Oh, that's really interesting. Well, it's interesting because my background is Hispanic and Mexican American and Native American. My dad is half Native American, but because those two cultures were overcoming prejudice and discrimination. While he was growing up, he said, "I can only fight one battle at a time." And so we always felt we were Mexican American and not Native American because we didn't grow up on a reservation. His grandfather, which was my grandmother's father was adopted. They never knew their native family because they were adopted by Hispanic family. Even though they were Native, they didn't have that same tribal reservation connection. So even though he knew that part of his history is kind of flip your story, you know what I mean?

Sarah Ortegon (17:18):

Yeah. Yeah. I wouldn't know some history of the Basque people. I know that they were involved in World War II, I believe, and were bombed by Hitler. And some other things that I know that they were sheep herders. But as of today, I don't know what their fight is. I don't know how it's changed or evolved.

Emy Romero (17:41):

Right. You just don't have that historical context. So what are your plans for the future?

Sarah Ortegon (17:47):

So after I have my baby, I am planning on dancing again. In 2020, I performed in New York with Jeffrey Gibson. He's a Choctaw artist.
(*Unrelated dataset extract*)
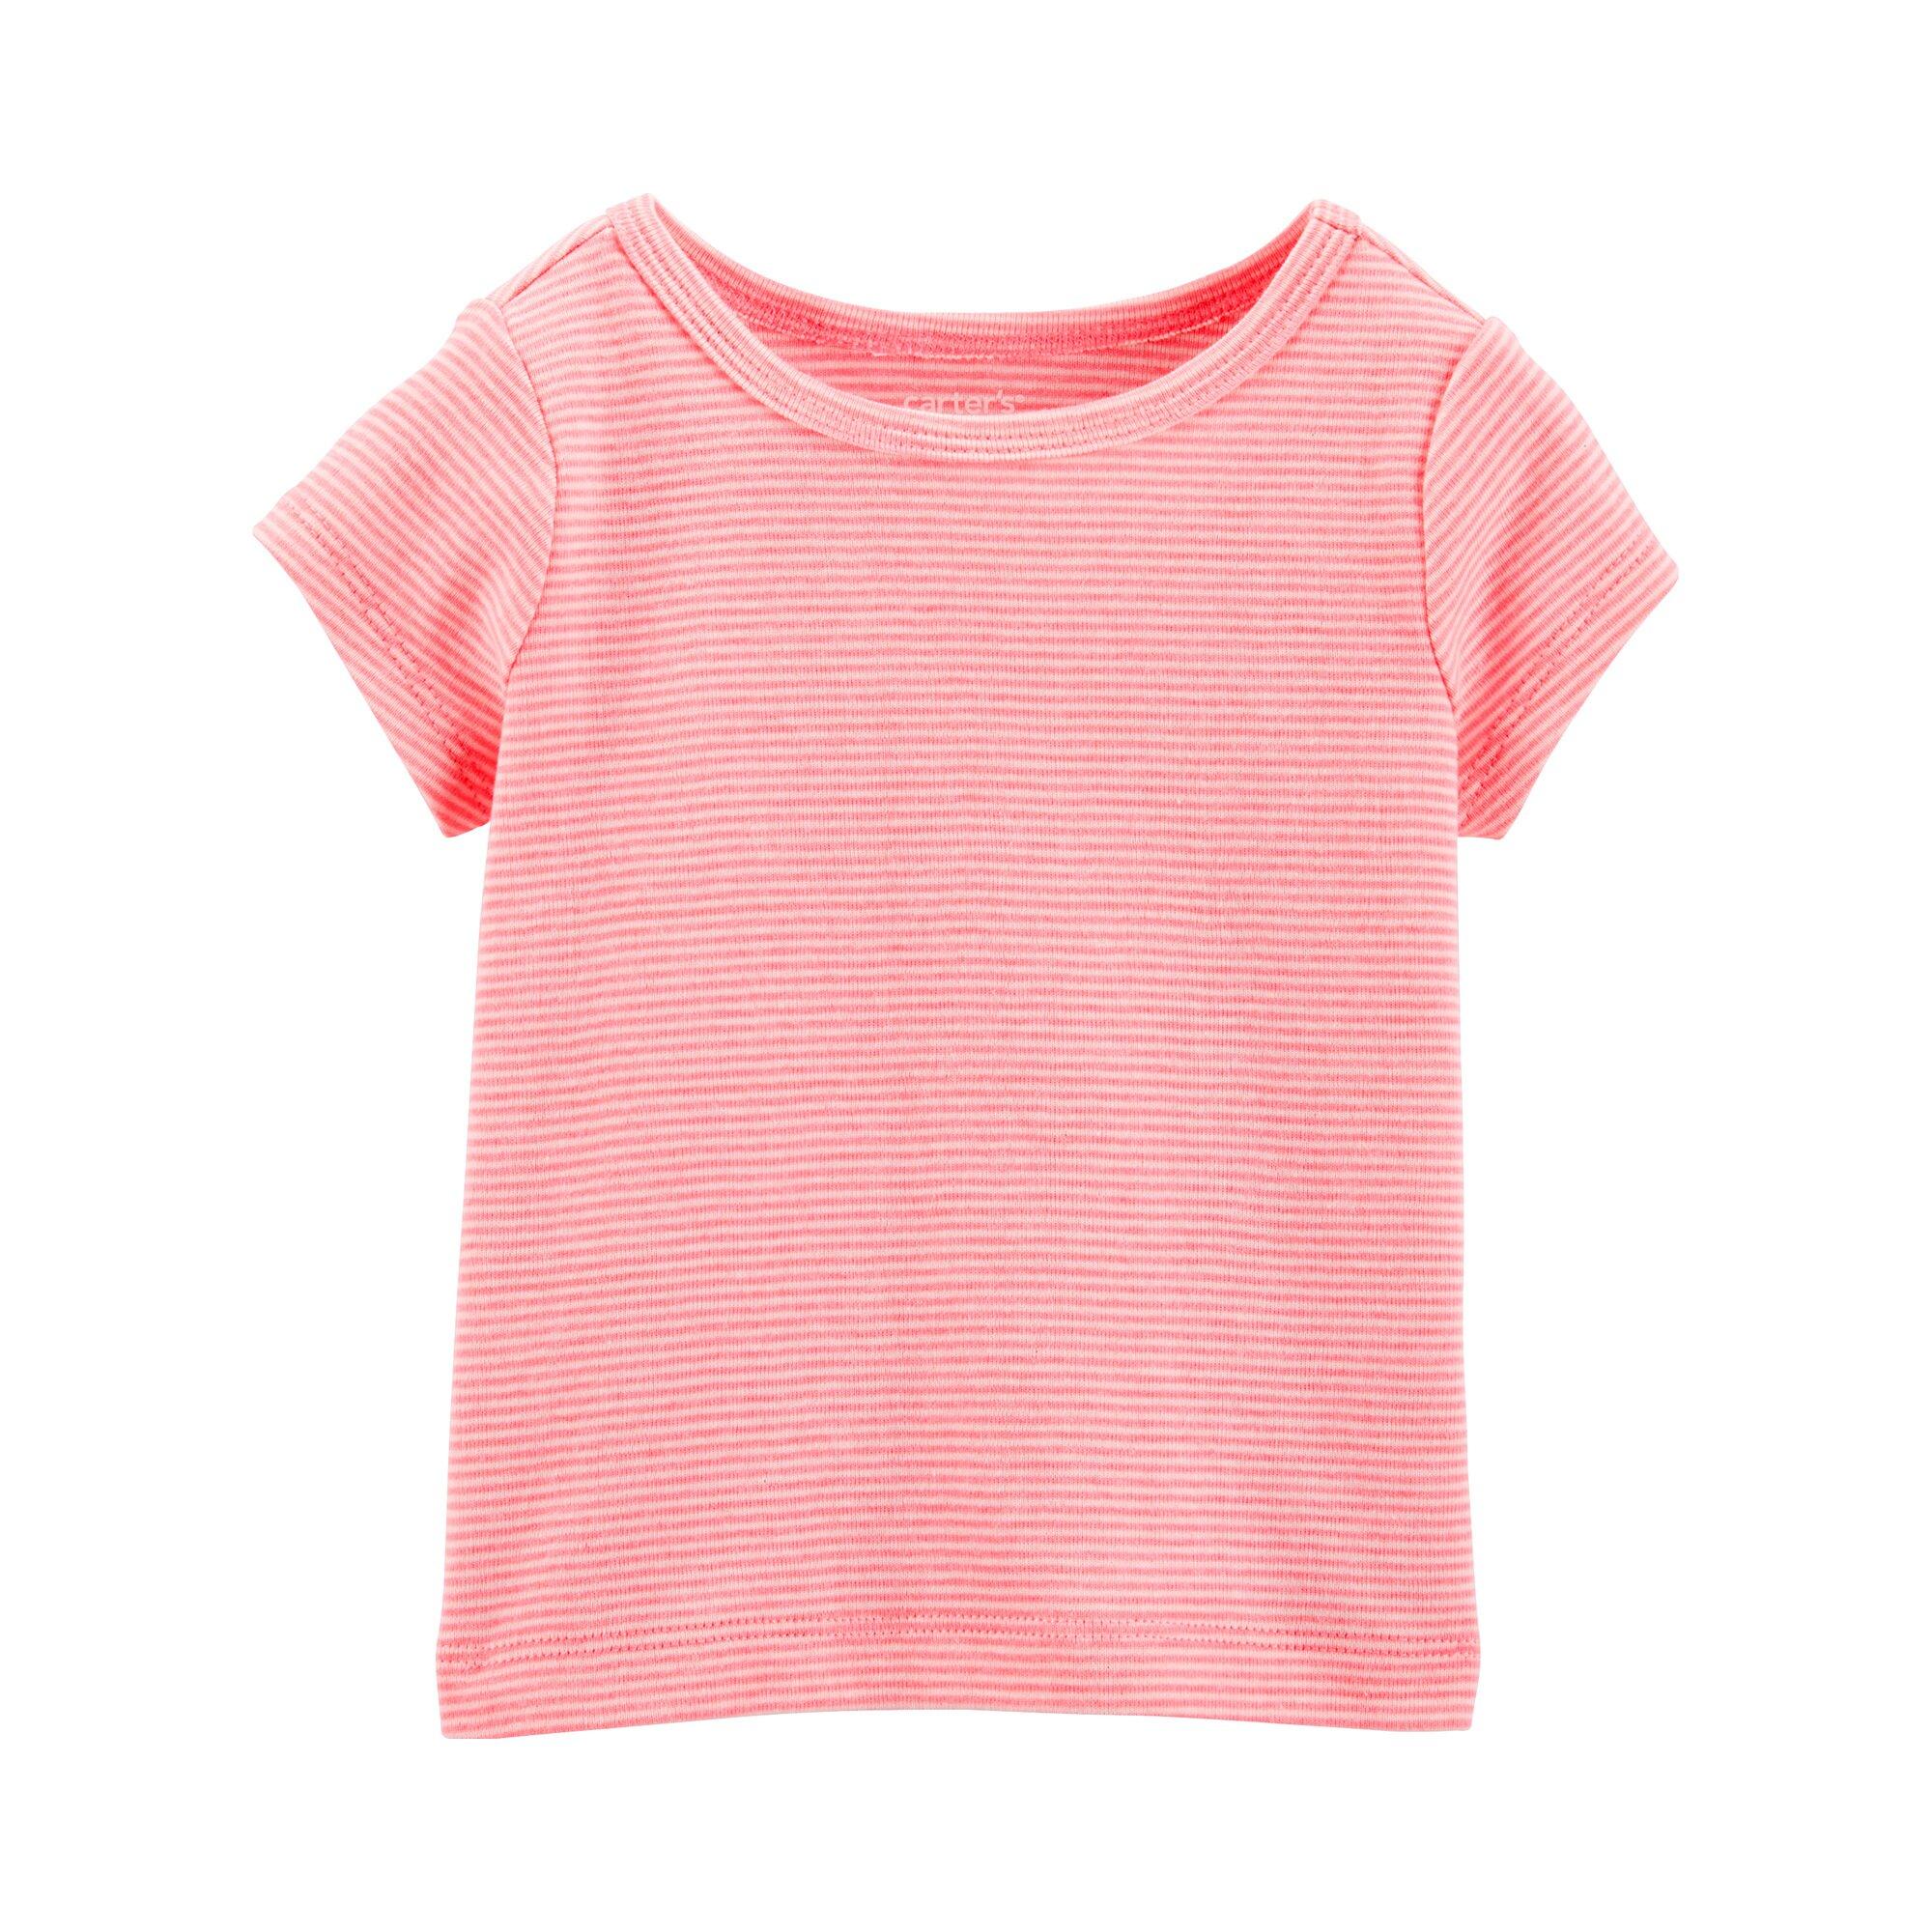 carter-s-2-tlg-set-latzhose-und-t-shirt-herzen

And so he's having me come out to New Mexico to perform again. So I know that, that's on my radar. And then also I have assisted in a large scale piece in Lafayette, Colorado. It's in the running. We're one of the last three competitors. And if we're chosen, then we will have a large scale piece made in Lafayette. It's a large sculpture, but I'm not sure if it's going to be accepted or not. I just helped with the design along the wall. And in that design, I brought to the forefront, history and how the Arapaho people are involved in that area. And the bison massacre is also sort of a portion of a little bit of what I show within the design. So I'm waiting to hear back on that.
And also in Washington, D.C., the National Women's Art Museum. I'm one of five that could possibly be chosen to be shown for a 2024 exhibition. So again, I'm just kind of waiting to hear back. But in the meantime, I'm making a cradle board for my baby. And I think that, that's art. I also am painting and stuff whenever I have free time as well.

Emy Romero (19:21):

Yeah. You're a busy lady. Oh my God. Well, it's been great talking to you today, Sarah.